Your Gmail Has a New Problem: AI Chrome Extensions That Spy From the Inside

Spam was yesterday’s problem. Today’s risk is more sophisticated.
It’s news. A growing number of users, estimated at around 300,000, have installed malicious Chrome extensions posing as helpful AI tools. Instead of boosting productivity, these extensions quietly siphon email threads, drafts, and even AI generated summaries straight to attacker controlled servers.
And yes, they do it while Gmail’s built in protections sit there, blissfully unaware.
It is a browser level betrayal.
The AI Email Threat Just Leveled Up
The attackers are clever. They disguise their extensions as AI sidebars, writing assistants, or productivity boosters. Some mimic legitimate sounding names such as “Gemini AI Sidebar,” “AI Assistant,” or “ChatGPT Translate.”
Once installed, the extension requests broad permissions. Access to mail.google.com. The ability to read and change data on websites you visit. That sounds technical. What it really means is full access to your inbox.
From there, data extraction begins:
- Email threads
- Draft messages
- Attachments
- AI generated summaries and replies
Everything gets packaged up and sent elsewhere.
AI is also being used on the attacker side. Stolen content fuels hyper personalized phishing campaigns. Social media profiles and public data get scraped. Promotions, job changes, company announcements, all folded neatly into convincing emails that look authentic.
The result is a business email compromise that feels frighteningly real. Fake invoice updates. Wire transfer instructions that reference actual projects. The executive tone replicated almost perfectly.
Old red flags like poor grammar and awkward phrasing have quietly disappeared.
Legacy email security struggles here. Traditional filters reportedly fail against a significant majority of AI crafted phishing attempts because the signals they once relied on no longer exist.
In other words, the threat could evolve silently after installation.
There is another detail that deserves attention. Some variants requested or activated browser based voice capabilities. In certain scenarios, this could potentially capture spoken audio near the device and convert it into transcripts sent back to attacker infrastructure.

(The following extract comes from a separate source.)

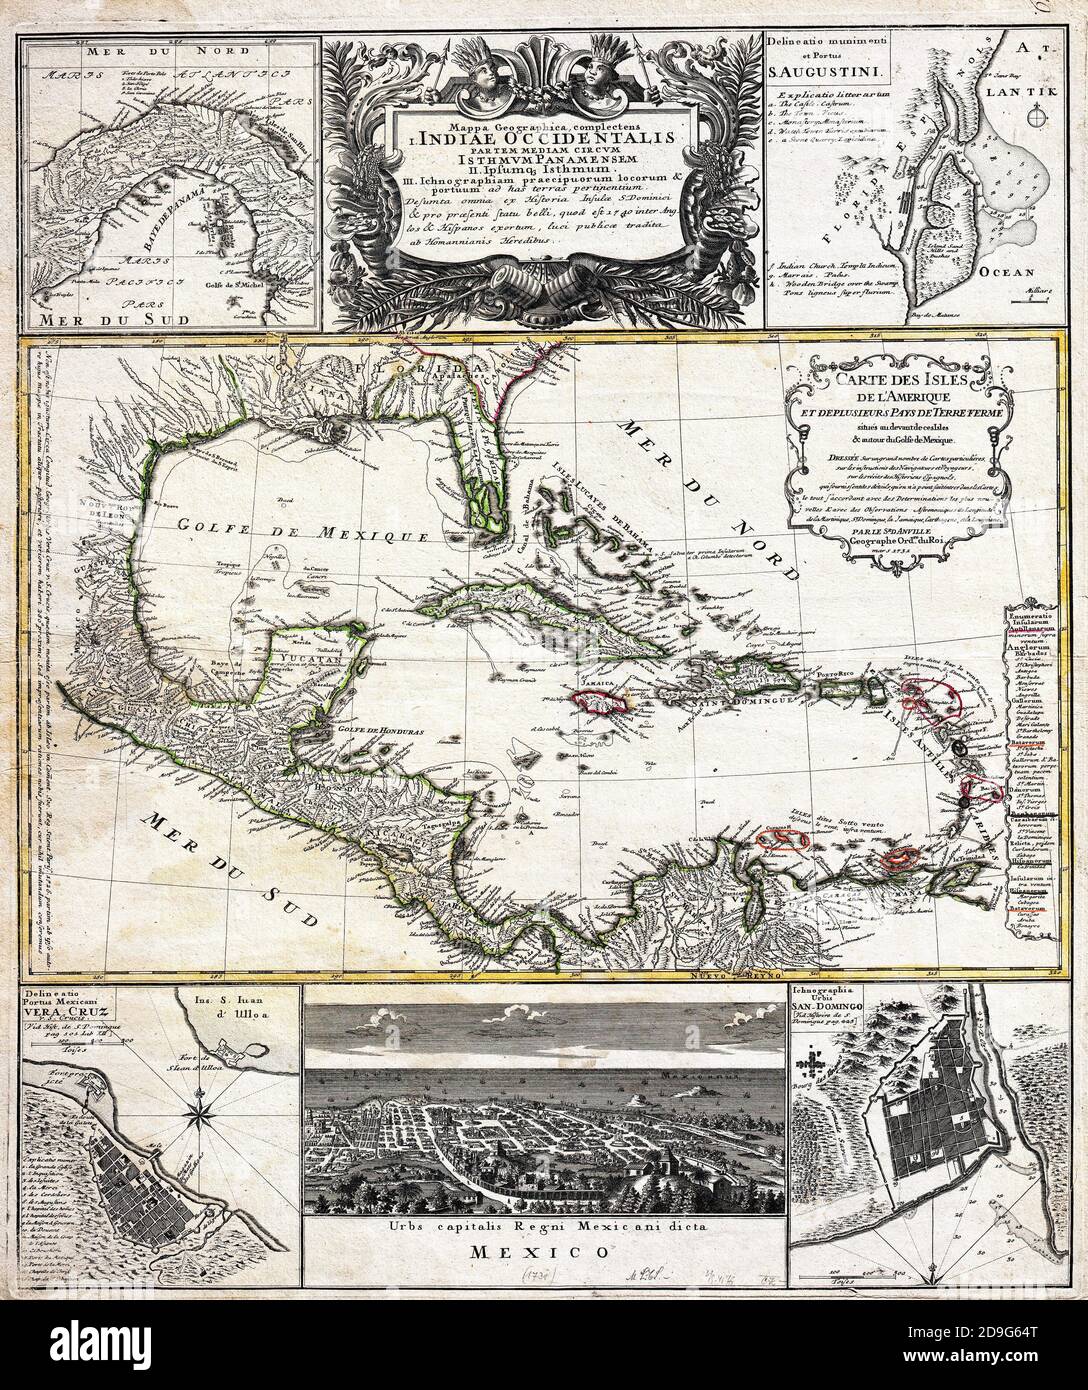 J. B. Homanns Karte der Westindischen Inseln datiert 1731. Besteht aus Karten basierend auf der Arbeit von D’Anville in einem einzigen Blatt zusammengestellt. Die Primärkarte, die D’Anvilles Werk von 1731 zugeschrieben wird, zeigt die Westindischen Inseln von Mexiko bis zu den Kleinen Antillen einschließlich der Gesamtheit von Florida, Teilen von Carolina und Teilen von Nord-Südamerika. Südflorida, in einer versuchten Darstellung der Everglades, wird als eine Reihe von Seen und Inseln durch enge Kanäle verbunden gezeigt. New Orleans und die Mündungen des Mississippi werden mit relativer Genauigkeit dargestellt, ebenso Mexiko und die Westindischen Inseln. Territo Stockfoto

Email content. Login credentials. Browsing patterns. Possible voice recordings. All within reach if the extension remained active.
If you installed one of these tools, there is a realistic possibility that highly sensitive information has already been exposed.
Google has since confirmed that the extensions identified in this report have been removed from the Chrome Web Store. A spokesperson stated that the company can confirm the extensions in question are no longer available for download.
Removal from the store, however, does not automatically remove them from user browsers.
That final step rests with you.
Why This Problem Is Escalating
AI has changed the economics of cybercrime.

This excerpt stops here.